Who knows, maybe it will interest people, maybe it won't. But a life recap can't be bad.
And maybe it will just make me think, life really isn't too bad, you know.

Sunday, 25 October 2009

Course on Moose and Catalyst

I work at the Wellcome Trust Sanger Institute. In my team, New Pipeline Development, we have identified a need for some training in Moose and Catalyst. If anyone has any course recommendations, I'd be interested in hearing about them to propose to my team and training co-ordinator.

The course can be aimed at people who are experienced Perl developers, but only have a small amount of experience of Moose and Catalyst (as anyone who reads my blog will probably identify).

Replies as Comments, or emails will be appreciated.
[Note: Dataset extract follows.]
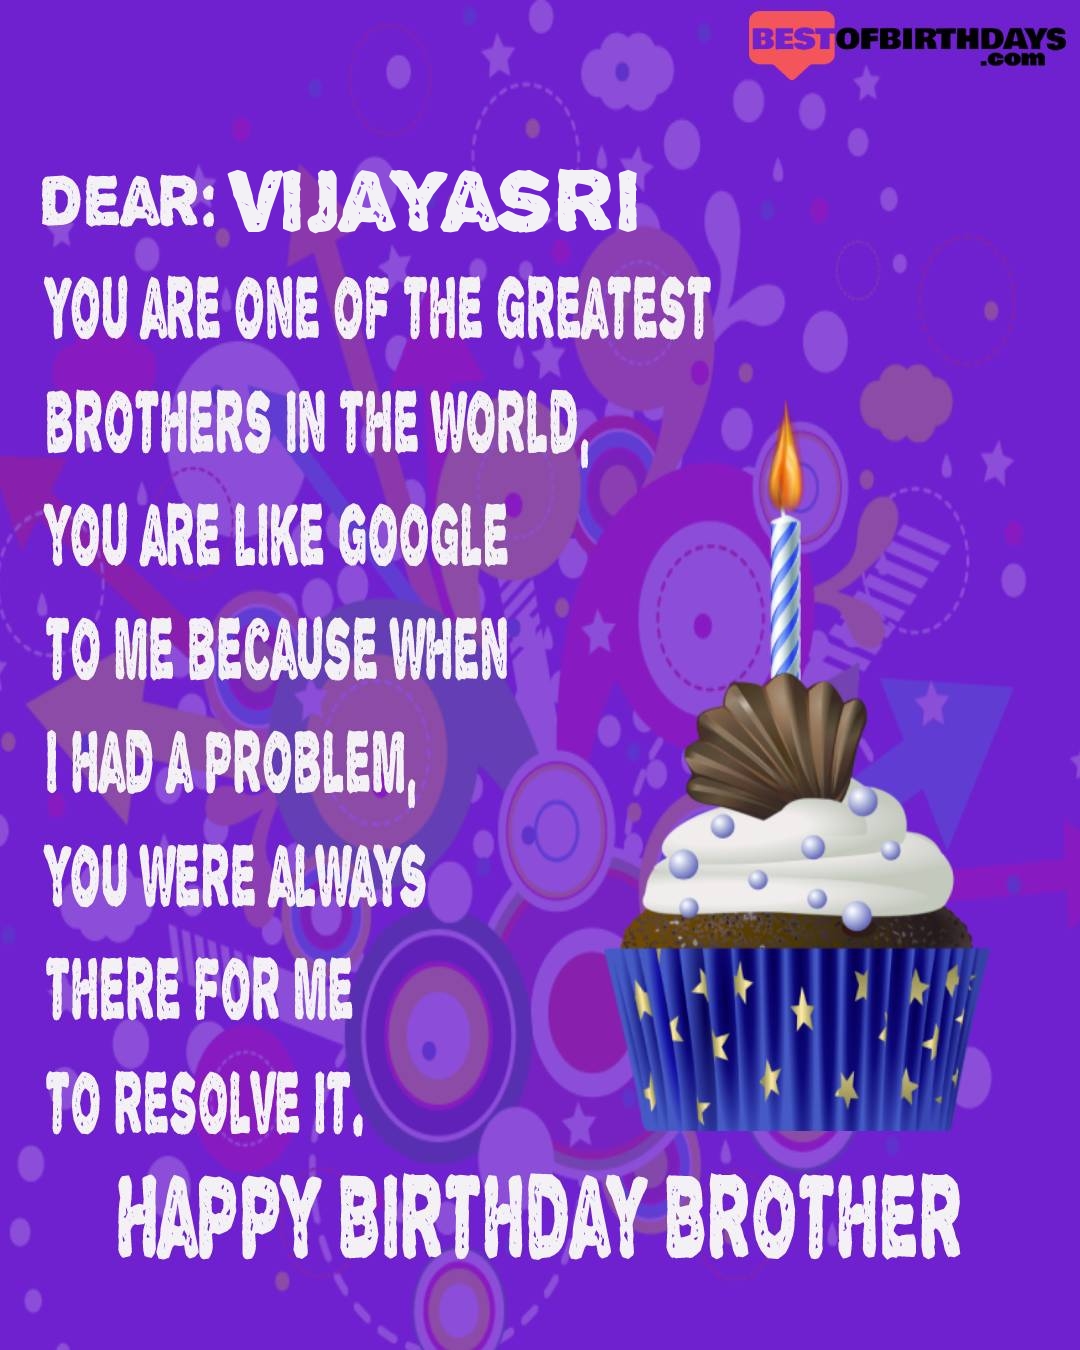 Happy birthday vijayasri bhai brother bro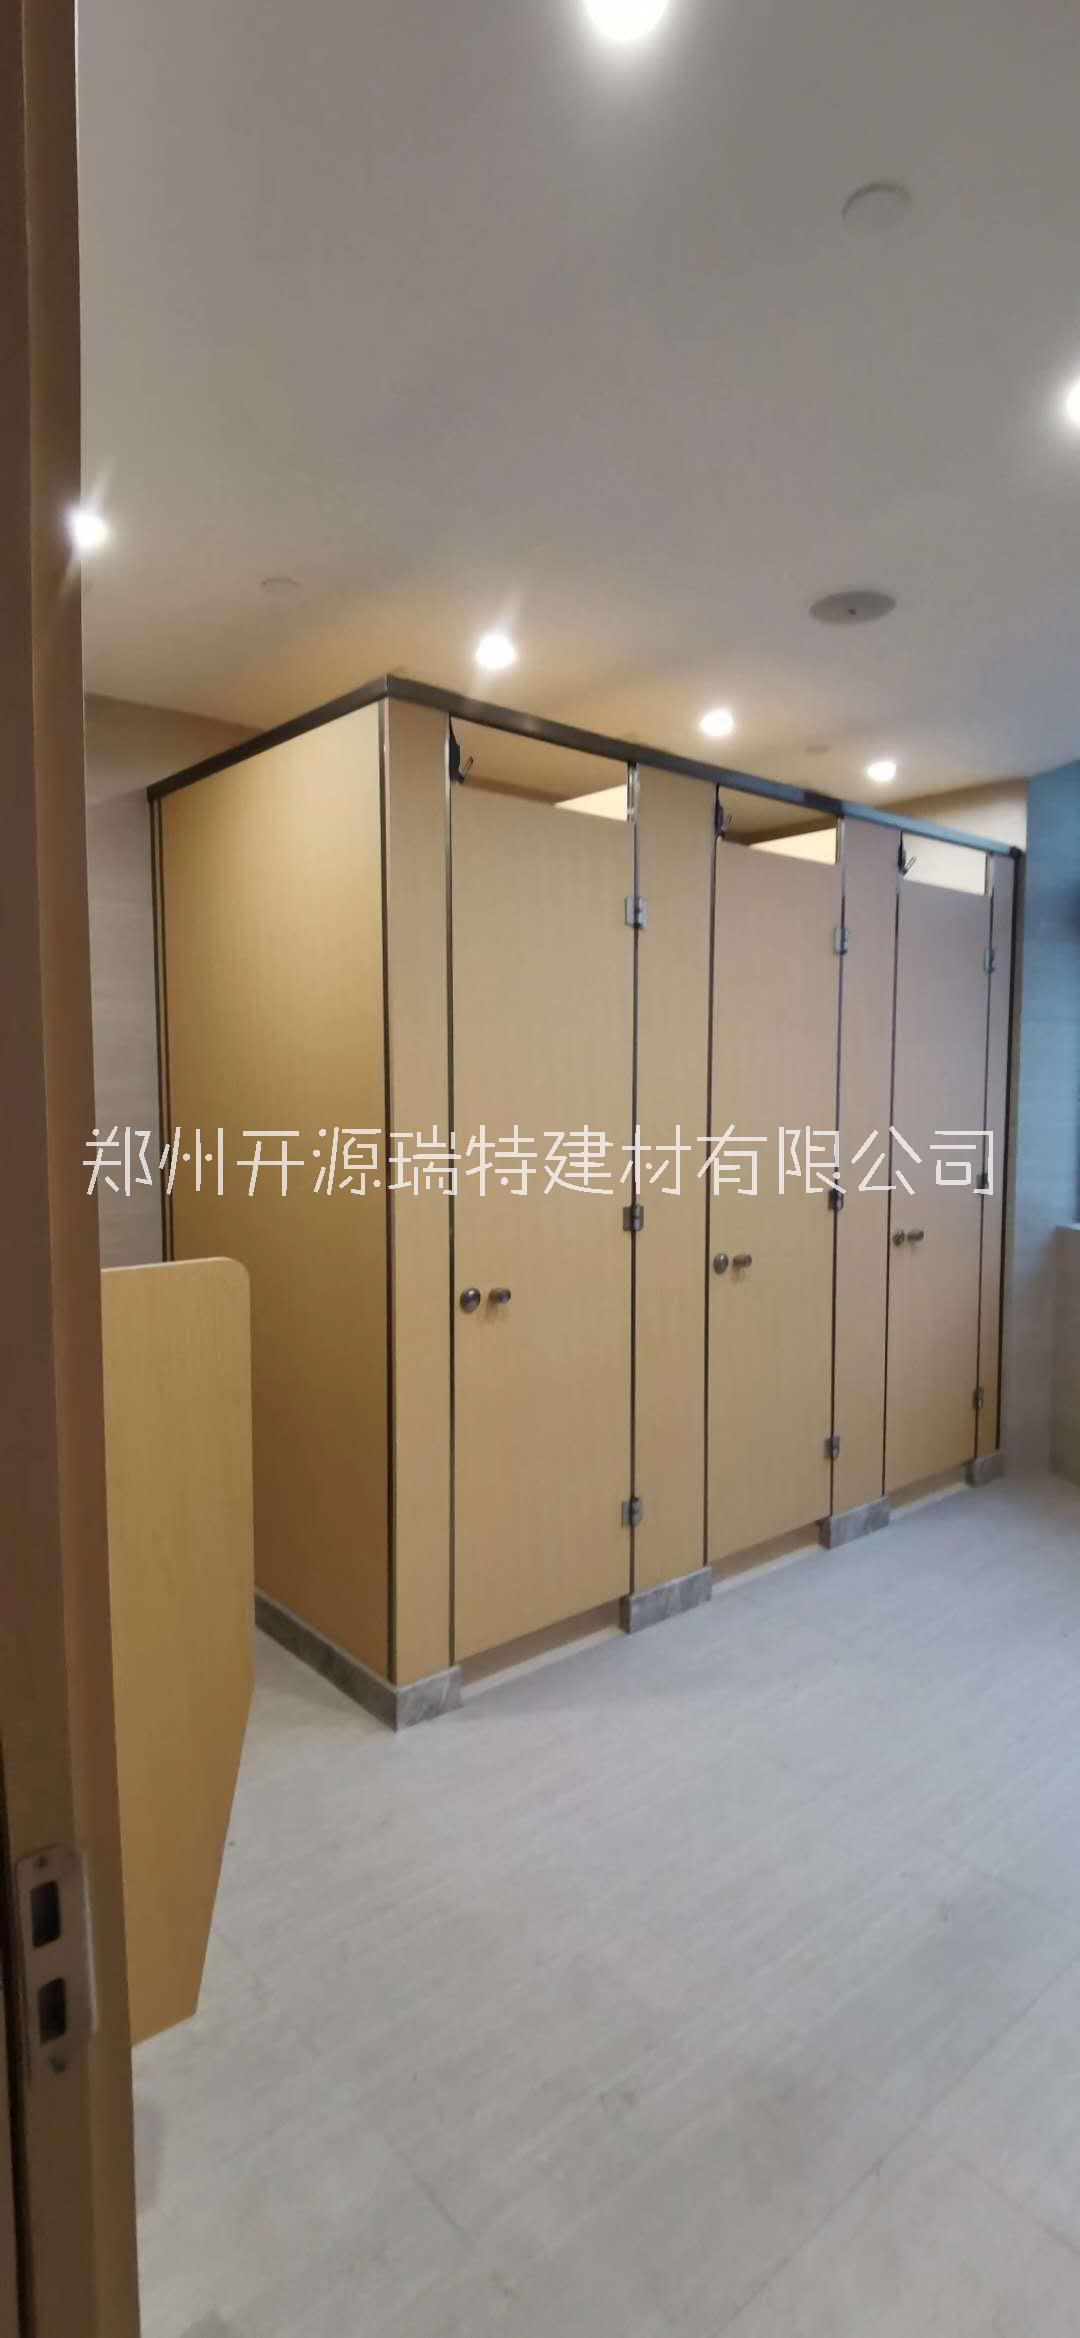 河南公共卫生间隔断多重优惠 郑州开源卫生间隔断 公共厕所隔断图片

Many Thanks in advance.

Wednesday, 21 October 2009

Does anyone else do this?

I've been away on holiday, and I'm just going back over some comments left on my blog, and got this one?

"Is that a new fashion to use q{string} instead of 'string'?"

My response:

"Just a habit I have gotten into since using perl::critic and PBP.

As '' and ' ' are not allowed by 'the rulez' and you should use q{} and q{ }, (and their double quote equivalents}, I have the coding habit of just using then straight off."

Anyone else doing this as a matter of course, or is it just me? I notice going through a number of recent books, ' and " are used in most of the code examples.

Monday, 12 October 2009

How to put your perl ironman pic on blogspot

Go to your dashboard, and under the chosen blog, select layout

Under Add and arrange page elements, select one of the two add a gadget depending if you want it on your sidebar, or at the bottom.

Select the html/javascript gadget.

Give it a title.

In content type a html img tag containing the following

http://ironman.enlightenedperl.org/munger/mybadge/male/setitesuk.png

replacing setitesuk with your username or nickname (male can be switched to female).

click save and hey presto, it will now appear the next time you load your blog.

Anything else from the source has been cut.